# CAN I FEED MY RB's CHICKEN AND HAM AND that stuff



## HellSpawn (Oct 7, 2004)

CAN I FEED MY RB's CHICKEN AND HAM AND that stuff


----------



## timmy (Mar 29, 2004)

HellSpawn said:


> CAN I FEED MY RB's CHICKEN AND HAM AND that stuff


 Yes, but it can't be marinated!


----------



## rchan11 (May 6, 2004)

You can feed them pretty much any natural meat.


----------



## r0d1mus (Jul 5, 2004)

I like to through in a drumstick every once in a while and watch them eat it to the bone


----------



## LOON (Jan 30, 2004)

Mine love raw chicken. Only do it as a treat now and then.


----------



## Judazzz (Jan 13, 2003)

Raw chicken or turkey is fine, as long as you use lean parts like chicken breast, and as long as you feed it as a treat only, no more than once or twice per month.
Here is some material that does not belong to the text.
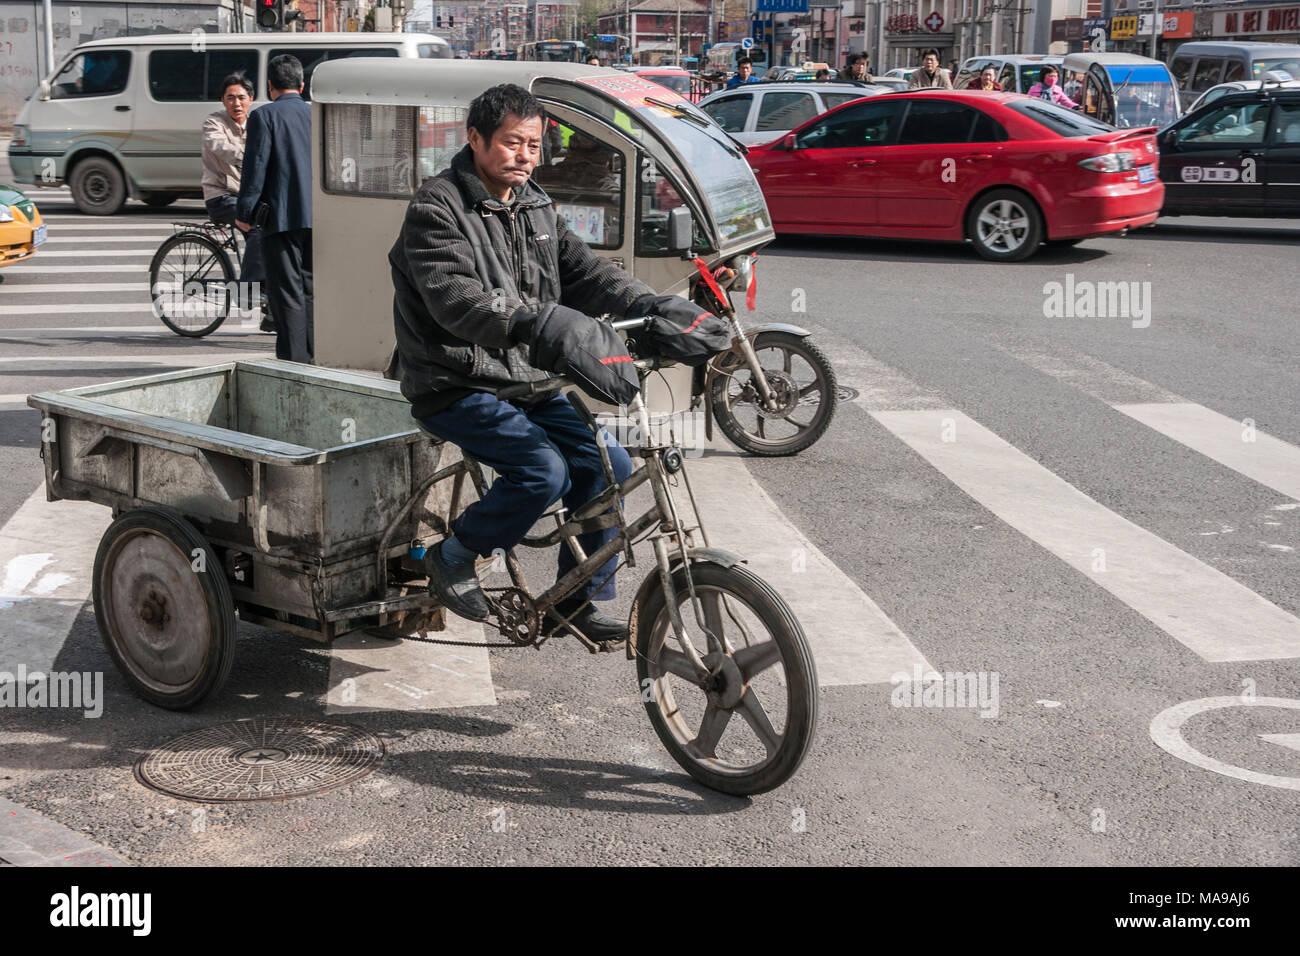 cars bikes stock photos & cars bikes stock images - alamy

Marinated or seasoned chicken is a big no-no (it'll kill your fish in no-time!), and I would stay away from ham as well - it contains too much fat, usually contains chemical additives and spices, and it doesn't really match the natural diet of piranha's either...


----------



## Anko (Oct 2, 2004)

a drumstick...mmm....k.......


----------



## zygapophysis (Jul 16, 2004)

i feed raw chicken once in a while, chicken hearts once in a while


----------